• Description of the task:
Copy the listing exactly, please, and keep every picture out of it.

• Source data:
* * * *

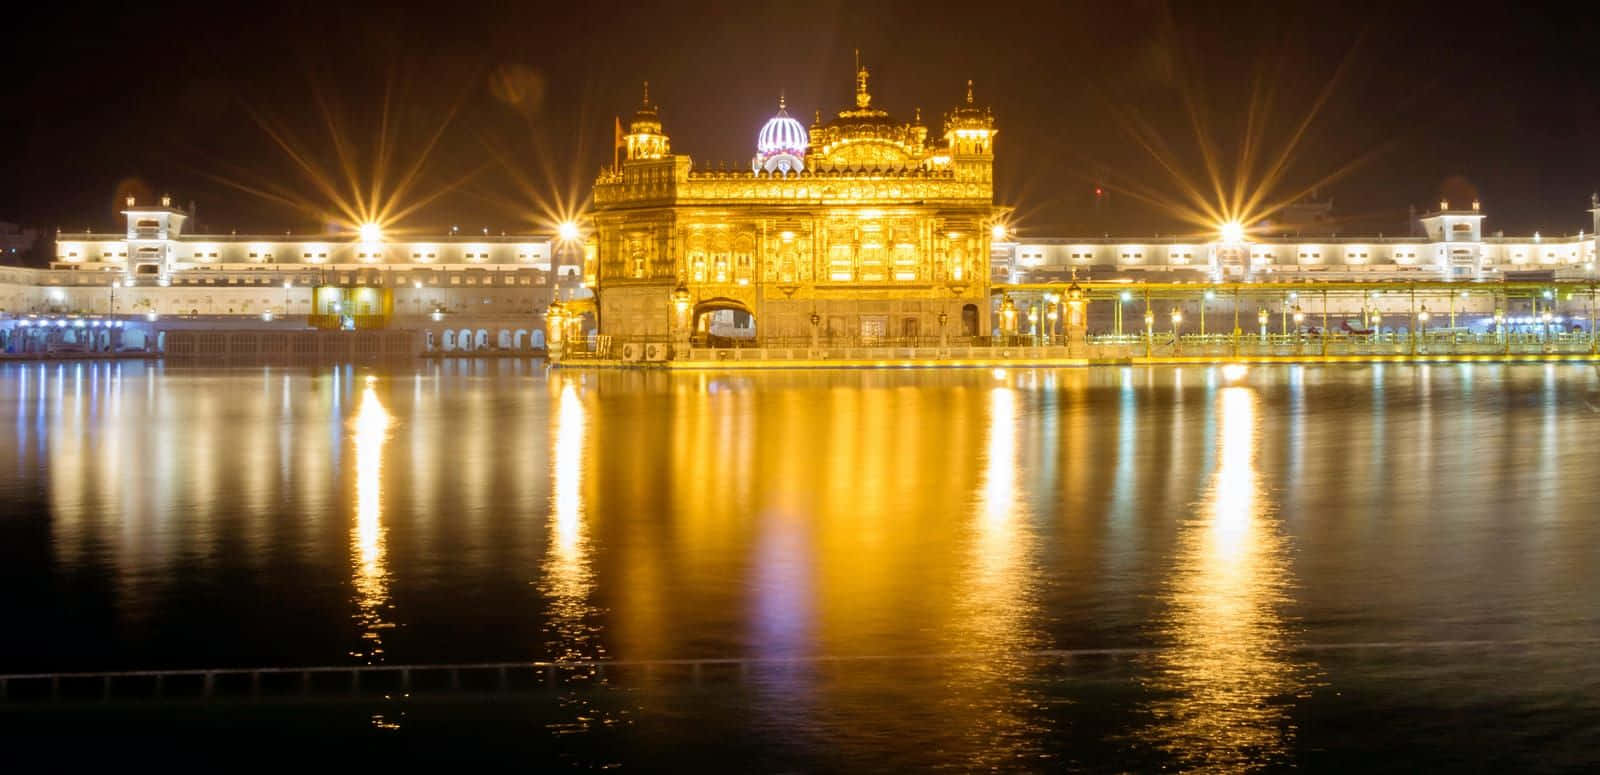 Majestic view of the illuminated Golden Temple in Amritsar, India at night
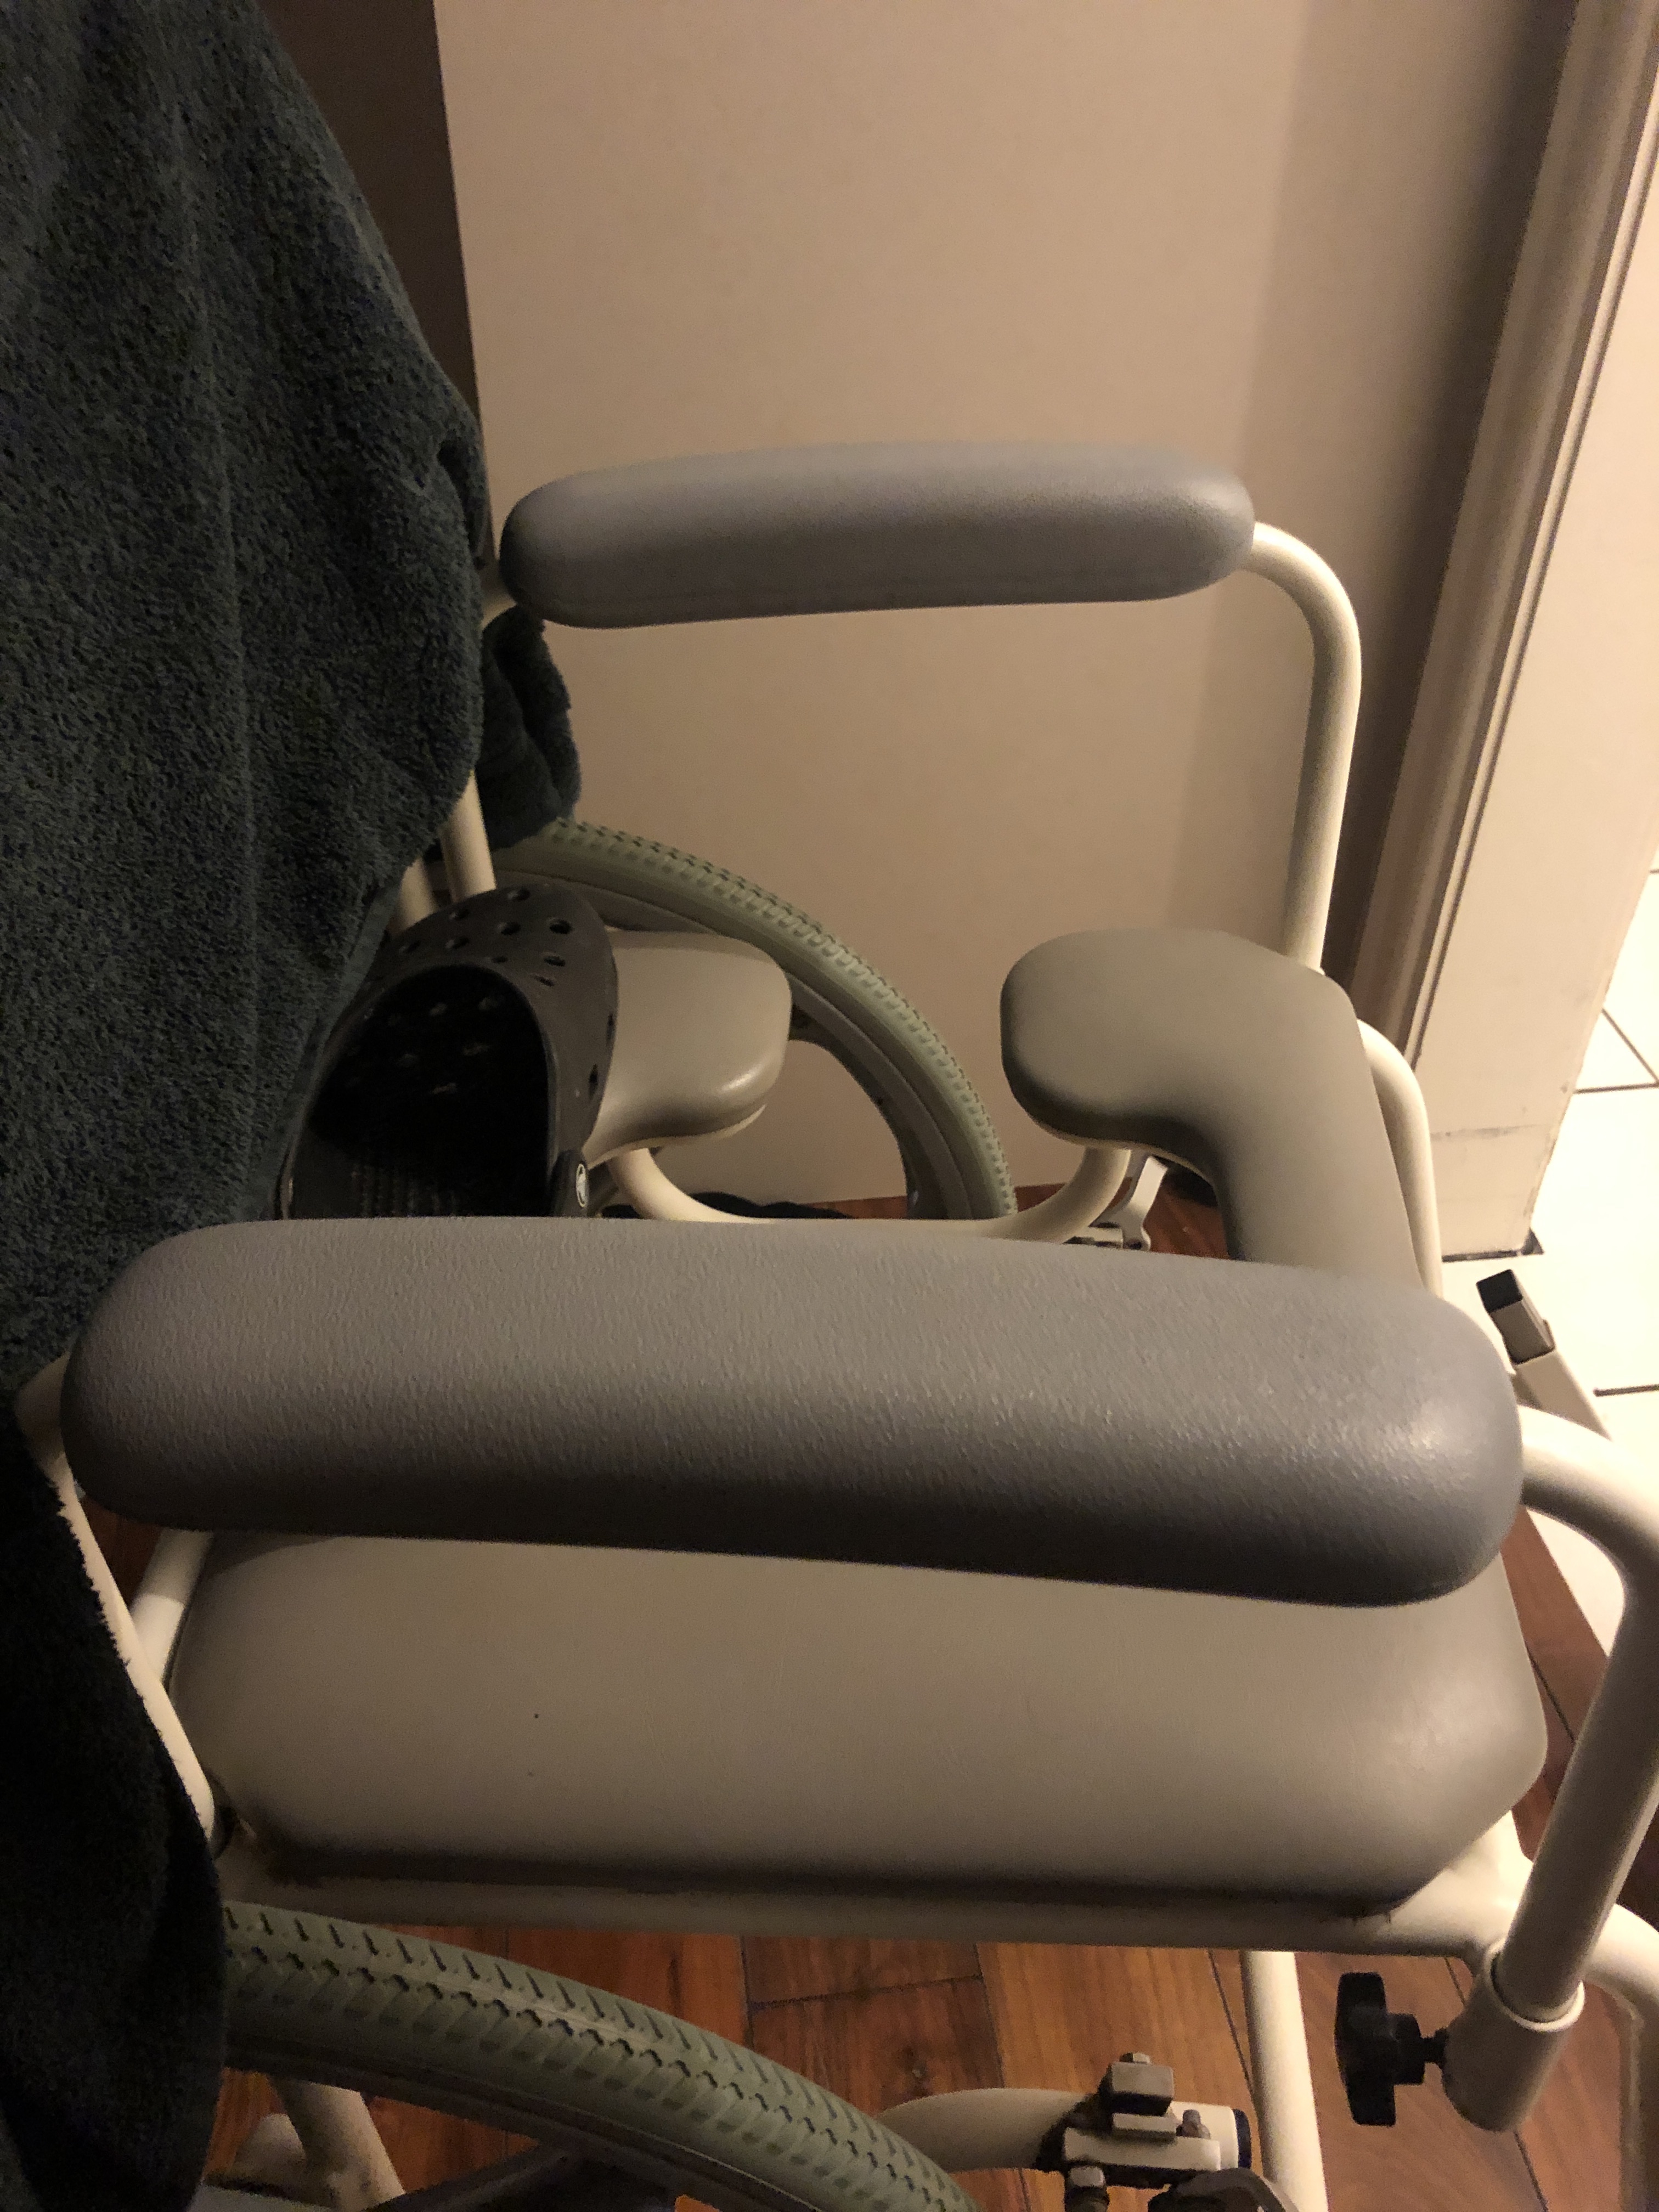 Side access for shower chair
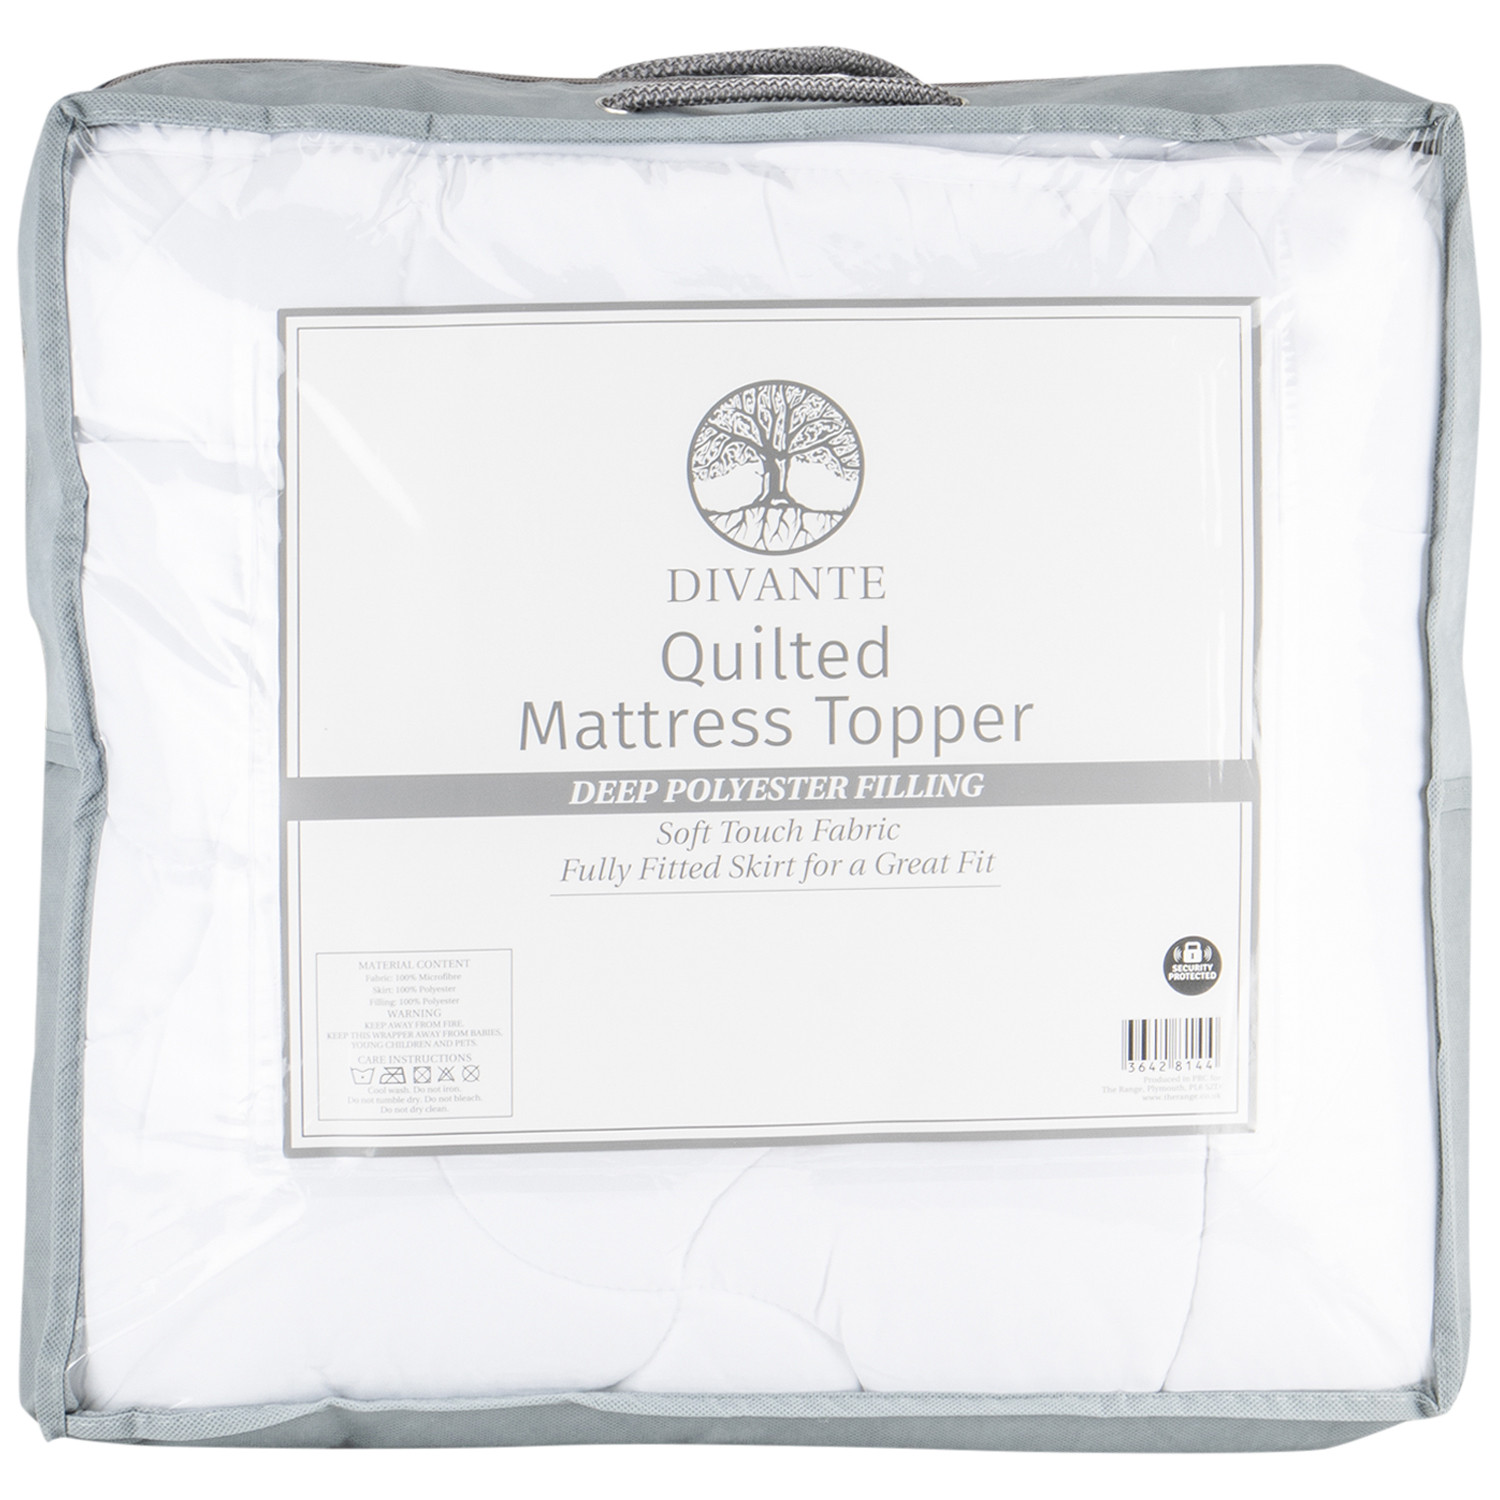 Divante King Size Quilted Mattress Topper Image

* * * *

• Task solution:
 Majestic view of the illuminated Golden Temple in Amritsar, India at night
 Side access for shower chair
 Divante King Size Quilted Mattress Topper Image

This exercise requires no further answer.